La revendication de Caracas, désormais entérinée par ce suffrage non reconnu internationalement, peut légitimement inquiéter. Déjà, le rapport des forces militaires est totalement défavorable, Georgetown (Guyana) ne disposant que de 4 600 soldats contre plus de 100 000 pour Caracas. Le régime de Maduro a d’ailleurs accru son effort de défense, bénéficiant d’armements russes et du soutien de Moscou, depuis l’époque de Chávez. Une occupation de l’Essequibo ne serait donc pas une tâche difficile, malgré l’épaisseur de la jungle amazonienne.

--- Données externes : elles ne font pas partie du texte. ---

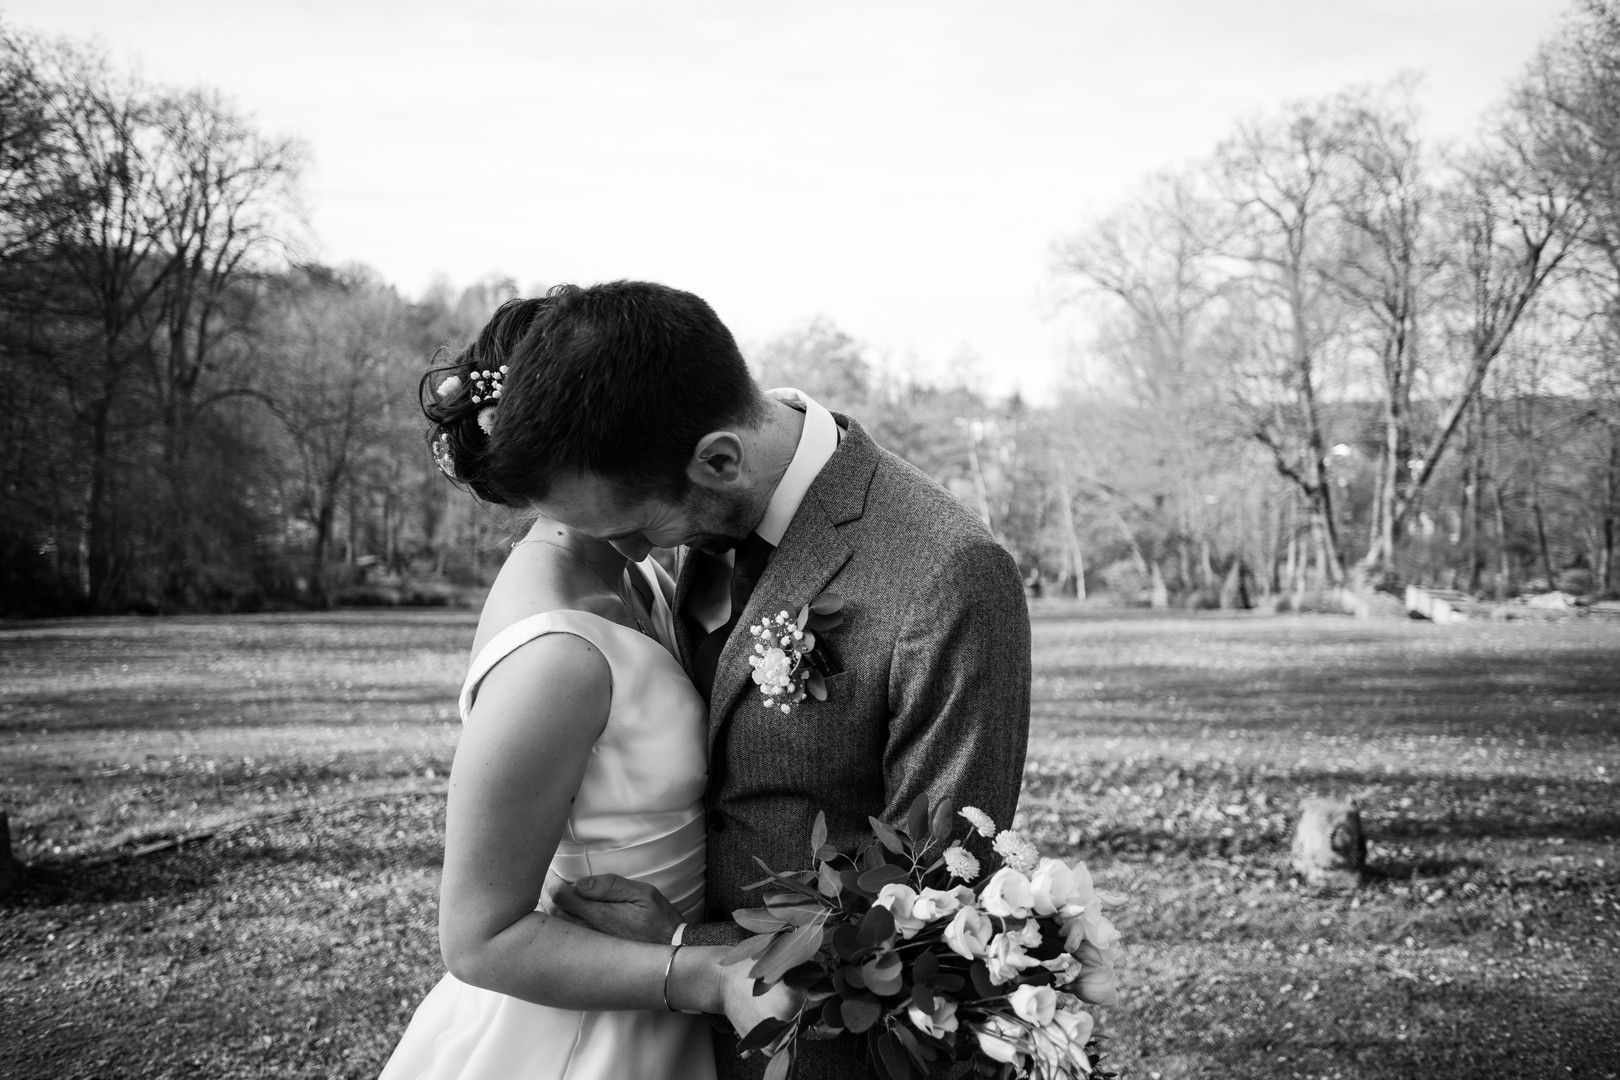 celine machy photographe - mariage - ess

Toutefois, la menace semble davantage politique que militaire. D’autant plus que le grand voisin du Sud, le Brésil, veille au grain et vient de renforcer sa présence militaire le long de la frontière qu’il partage avec ces deux États. Il ne faut pas oublier non plus que Londres a toujours un œil sur son ancienne colonie et sur la stabilité régionale, le Guyana étant membre du Commonwealth. Et, bien sûr, les États-Unis regardent avec attention ce qui se passe au Venezuela, étant soucieux de la connexion avec Moscou.
Il n’en demeure pas moins que cette tentation annexionniste arrive dans un temps géopolitique troublé où les revendications territoriales redeviennent d’actualité. Maduro s’inscrit dans les pas de Vladimir Poutine voulant réécrire les frontières de l’Europe avec la guerre en Ukraine et les annexions de la Crimée et du Donbass. C’est aussi le cas de la Chine, annexant de facto des espaces maritimes en mer de Chine, ou encore en faisant figurer sur ses cartes des territoires sur le continent asiatique ne lui appartenant pas. Le rapport de force et le fait accompli brutalement sont désormais la règle.
La guerre de Gaza ne doit donc pas occulter tous les événements géopolitiques comme ce vote au Venezuela, dont il faudra suivre avec attention les suites. Propagande nationaliste à usage interne d’un régime politique aux abois, volonté réelle de s’approprier un véritable Eldorado, tentative de déstabilisation des règles du droit international en évoquant des contentieux oubliés dans les archives diplomatiques…
Autant de raisons de s’intéresser de près à cette partie du monde où la France est très présente avec la Guyane et les Antilles françaises. Une crise régionale engagée par Caracas y aurait des conséquences certaines.